Giocare, questa volta con l'immaginazione, è un atteggiamento a cui è portato anche lo spettatore che è stimolato più volte a completare ciò che accade nelle vicende narrate. Kitano, infatti, non è solito mostrarci i fatti in modo tale da permette un'unica interpretazione. Spesso ci mostra ciò che precede e ciò che segue un fatto nodale, attraverso delle ellissi temporali e spaziali (fuoricampo), minando la consueta logica di causa - effetto tipica della tradizione occidentale. In questo modo, dove ciò che veramente conta è l'"invisibile", lo spettatore è pienamente coinvolto. Può capitare che gli avvenimenti vengano mano a mano ricostruiti nel corso del film tramite l'uso di flashback e/o flashforward , come si può vedere, per esempio, in Hana-bi, dove il regista compie una sorta di percorso a ritroso nella narrazione. Così abbiamo uno svolgimento frammentario, uno stile narrativo che al racconto continuo preferisce un racconto spezzato e che procede a zigzag. Questa sorta di avanzare apparentemente senza meta è rafforzato dalla presenza abbastanza incisiva del tema del viaggio: momento disponibile agli incontri, alle pause, agli eventi imprevedibili… Lo sguardo meravigliato assunto dai personaggi e dal pubblico viene indotto anche dalle tipiche inquadrature in piano sequenza e in campo lungo che permettono una maggiore riflessione e un maggiore distacco dagli eventi che finiscono per piombarci addosso inaspettati quando irrompe la violenza e le inquadrature vengono risolte in pochi attimi. Ecco la dialettica di stasi - movimento: si confrontano scene rapidissime in cui si ha appena il tempo di rendersi conto di ciò che accade e scene dove i personaggi sono inquadrati a lungo in pose perfettamente immobili a creare veri e propri tableaux vivents, o ancora momenti in cui si percepisce un'innata e a tratti anormale tranquillità.

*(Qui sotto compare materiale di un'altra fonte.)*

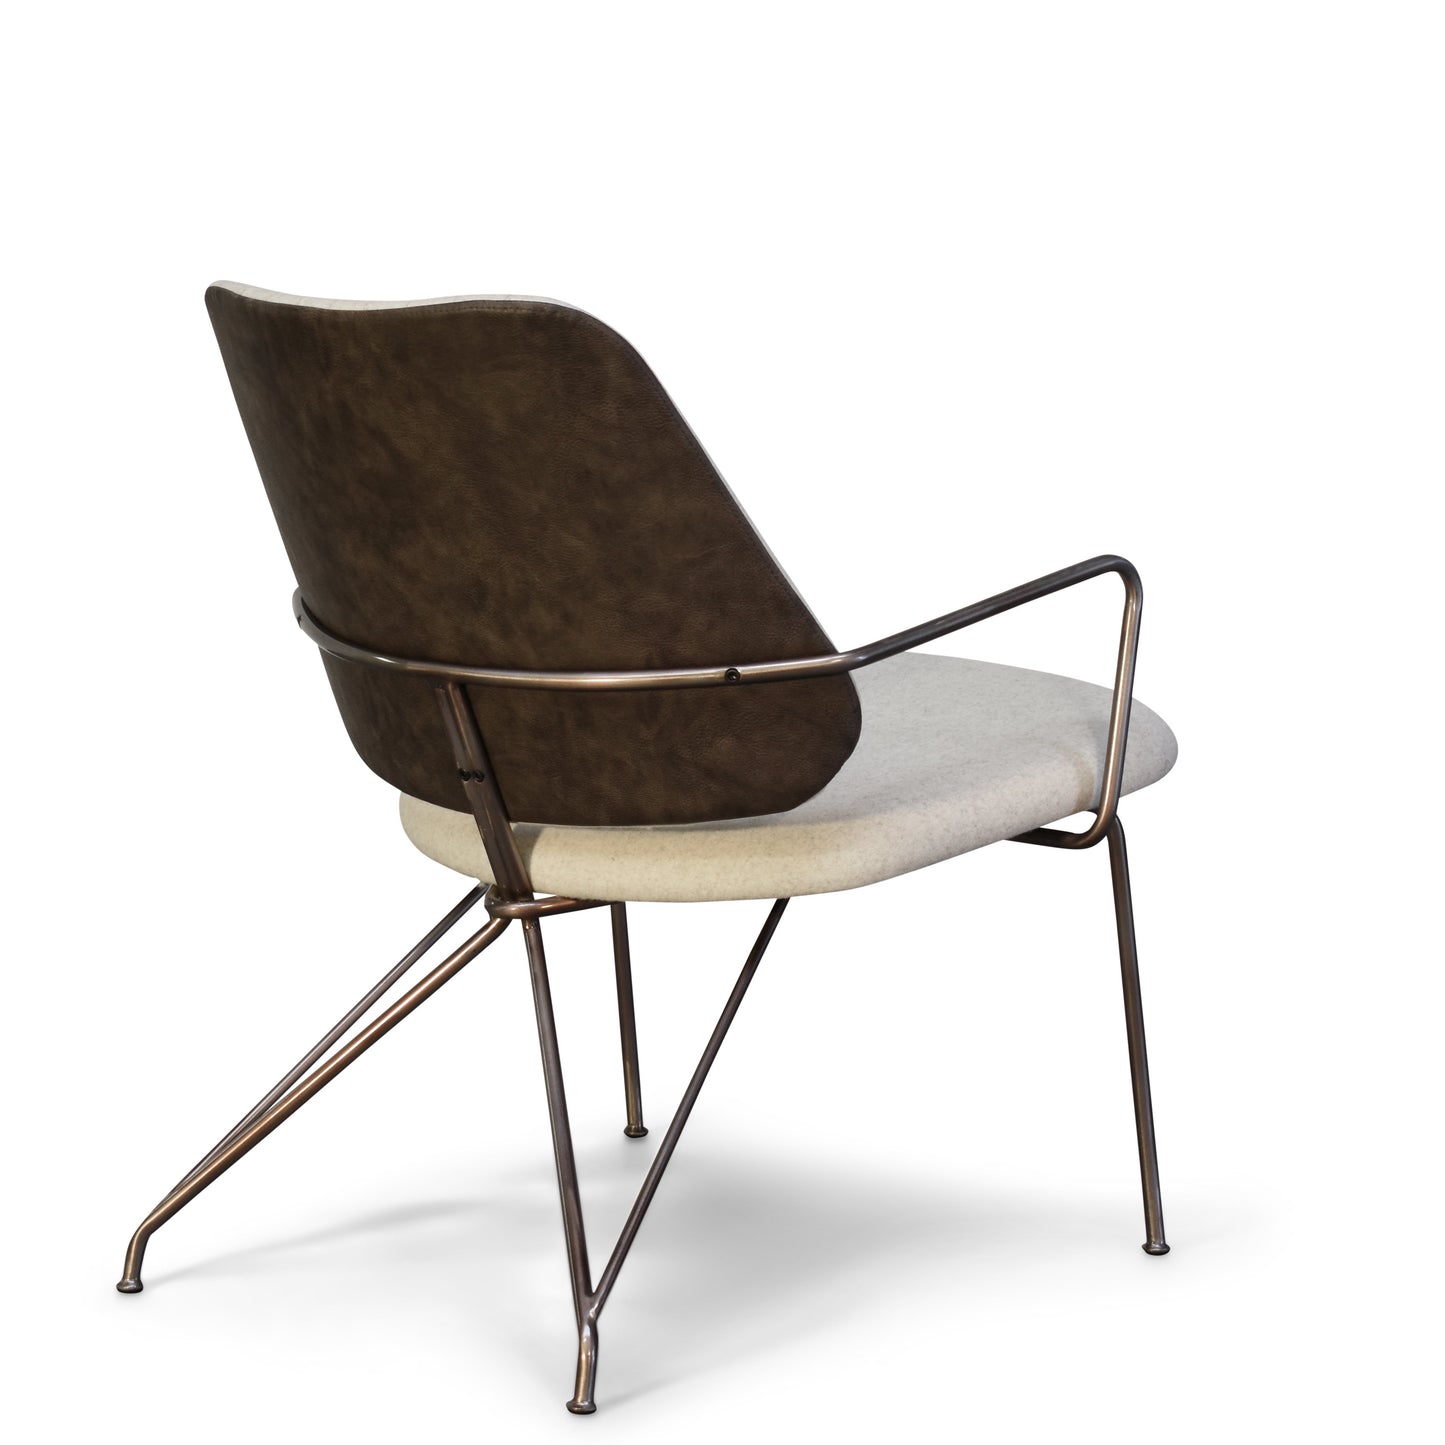 Taylor Contemporary Lounge Chair  Gingko Furniture     Four Hands, Burke Decor, Mid Century Modern Furniture, Old Bones Furniture Company, Old Bones Co, Modern Mid Century, Designer Furniture, https://www.oldbonesco.com/

A questo aspetto visivo si può collegare la predilezione per dialoghi estremamente ridotti all'osso se non addirittura assenti. In Hana-bi, per esempio, la protagonista femminile pronuncia due sole parole in tutto il film, che però senza dubbio, per la loro sapiente collocazione nell'epilogo della storia, sono molto efficaci, facendo assumere alla scena grande intensità e, se vogliamo, sintetizzando in modo magnifico il tema nichilista di tutto il film.
Magistralmente alternato ai momenti di tensione e di tristezza riscontriamo il tema della comicità: anch'essa crudele al pari della violenza e, come questa, risolta dal punto di vista stilistico. Sia l'una che l'altra colpiscono senza preavviso. Ed è in questo modo di "esplodere" all'improvviso che la comicità scatena il riso nello spettatore.
Non va inoltre dimenticata la predilezione data da Kitano allo sguardo dei personaggi spesso rivolto verso la spiaggia, il mare, il cielo, spazio dell'infinito e della trascendenza (solitamente l'inquadratura del cielo precede l'ingresso in scena di momenti legati alla morte).
Con questa maniera di procedere, Kitano Takeshi ha realizzato un suo personalissimo stile allo stesso tempo moderno e legato alla tradizione, ironico e nichilista, che sa essere crudo ma anche delicato, riuscendo a prendere le distanze dal cinema americano. In principio il suo cinema è stato definito "tarantiniano" anche se questo paragone si è rivelato ben presto completamente fuori luogo, considerando anche che Kitano era già attivo ben prima de Le iene e del fim-evento Pulp Fiction.